Tutto questo è definitivamente andato a male nell´idea infelicissima di mettere il socialismo al servizio di Berlusconi. È come se il capitano di una nave corsara si mettesse al servizio di un armatore. Il pirata cerca l´imprevisto, la creatività, il riscatto sociale, la libertà. L´armatore vuole il suo profitto, l´efficienza, il cartellino, l´orario, la gabbia, ha l´interesse privato come orizzonte collettivo. Non si può fare il socialista agli ordini di Berlusconi, del magliaro che non vuole pagare le multe e i risarcimenti spiegando che la sua non è illegalità ma anticomunismo, dello sporcaccione che non va a prostitute ma “protegge” le nipotine di Mubarak … E che c´entrano Bakunin e Proudhon, Nenni e Pertini, Mitterrand e Jospin (e persino Mussolini) con l´idea che imbrogliare il prossimo significa reagire alla persecuzione dei giudici?
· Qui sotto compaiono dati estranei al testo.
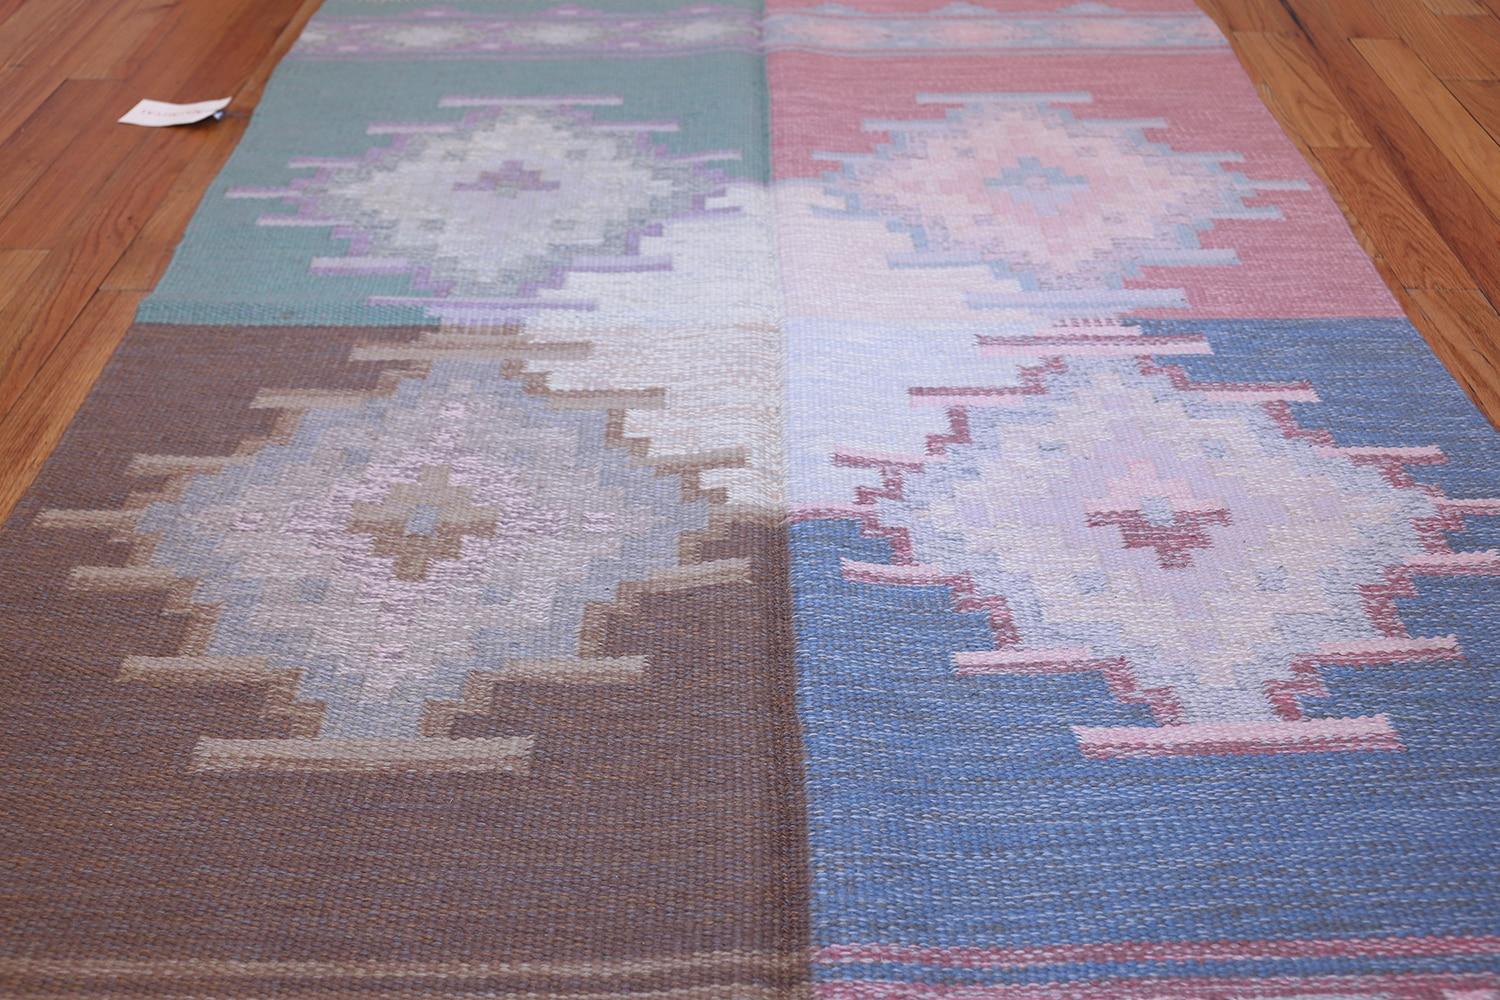 20th Century Vintage Swedish Flat-Woven Kilim. Size: 4 ft 5 in x 6 ft 8 in (1.35 m x 2.03 m)

Certo, sono uomini diversi, Tremonti, Brunetta e Sacconi. C´è chi ha forse futuro e chi invece si sente già tirare a fondo, ma vederli sgallettare in quel modo, a quel tavolo istituzionale, stringe il cuore. Tra quella che fu la gens nova berlusconiana questi infatti non sono i mascalzoni, non stanno dentro una cricca per sgraffignare. Non appartengono all´antropologia dei Verdini, dei Bertolaso, non telefonano a Bisignani, non arraffano. Eppure sono di nuovo lì a farsi linguaccia, pronti ad insultarsi fuori onda ed abbracciarsi in onda, ad incarnare il peggio del berlusconismo per bene. Nel disastro finale di un mondo e di un regime, sarebbe stata elegante una loro rovina senza troppo rumore, sarebbe stato bello se, per una volta, avessero smentito la maledizione di Formica e non si fossero di nuovo trasformati da paladini di una corte in comari di un cortile.